Absorption costing and marginal costing plays a beneficial role in management accounting. The difference between absorption costing and marginal costing as far as costs are concerned can be explained as:
Absorption costing takes into account all fixed and variable costs that are assigned to production as a product cost, and ignoring selling and administrative costs as period costs. While on the other hand, marginal costing takes only variable production costs as a product cost, except fixed production overhead costs and selling and administrative costs as period costs.
There was an argument related to both absorption costing and marginal costing, that raised a situation of debate by discussing the question of whether the fixed overhead costs should be considered a product or period cost, and whether profit is a function of only the sales process or a function of both sales and production. In this argument, Absorption costing advocates argue that profits are driven by-products, therefore the total production costs should be included as an asset that can be stored and expensed only when the product is sold alongside the sales costs and were incurred to generate the revenue. On the other hand Marginal costing advocates argue that profits are driven by sales because when a product is sold only then the revenue is generated.
Each method has shown to have validity under certain situations for purposes of analysis. When inventory production is steady, absorption costing can provide a clearer overall picture of the total costs that are required to produce a product. However, when the production of inventory fluctuates, it creates inflated or deflated prices.

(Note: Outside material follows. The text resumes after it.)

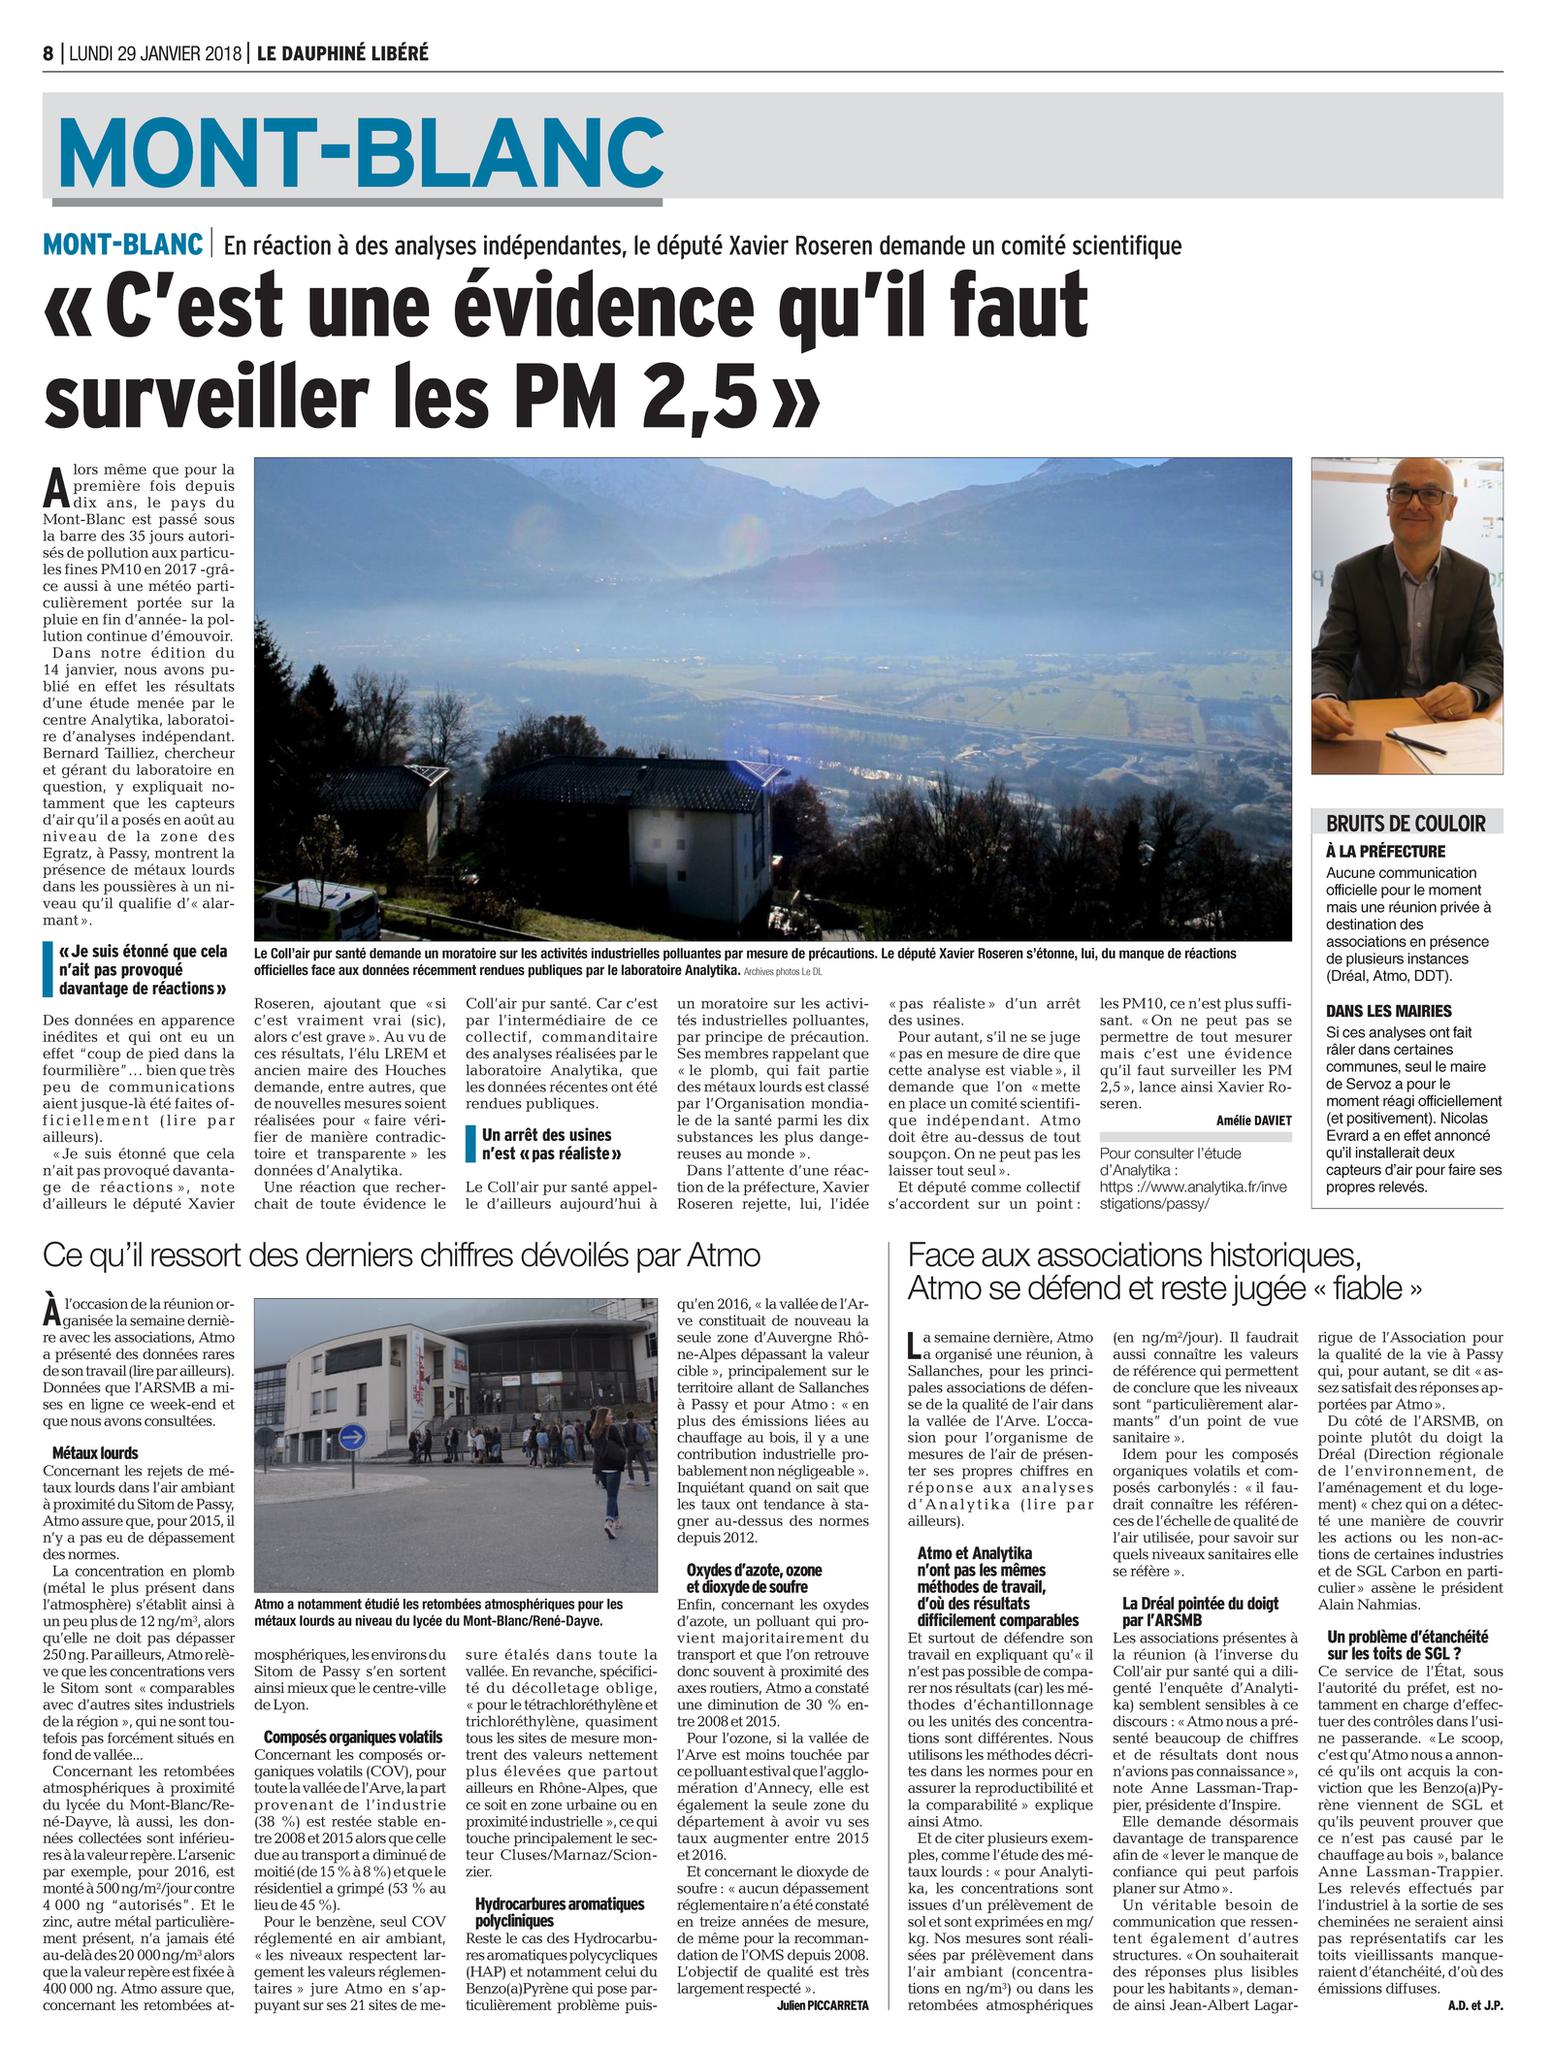 """29.01.2018 > LE DAUPHINÉ LIBÉRÉ : """"« C'est une évidence qu'il faut surveiller les PM 2,5 » En réaction à des analyses indépendantes, le député Xavier Roseren demande un comité scientifique"""""""

This concludes that most inventory levels fluctuate, hence marginal costing is more suitable to decision-making and helping others understand the worth of the organization.
If one believe that the product is an item that can basically sell itself, without the need for a large sales push, then one must favor absorption costing that places total costs from the business onto the shoulders of the inventory. However, if one believe that no product can sell itself and it requirres a creation of market demand for the product, then one will favor marginal costing since it only applies variable costs that are directly related to the product to the product in inventory. The remainder of the costs can be treated like the sales costs and is a period cost that one would incur regardless of the product that was produced.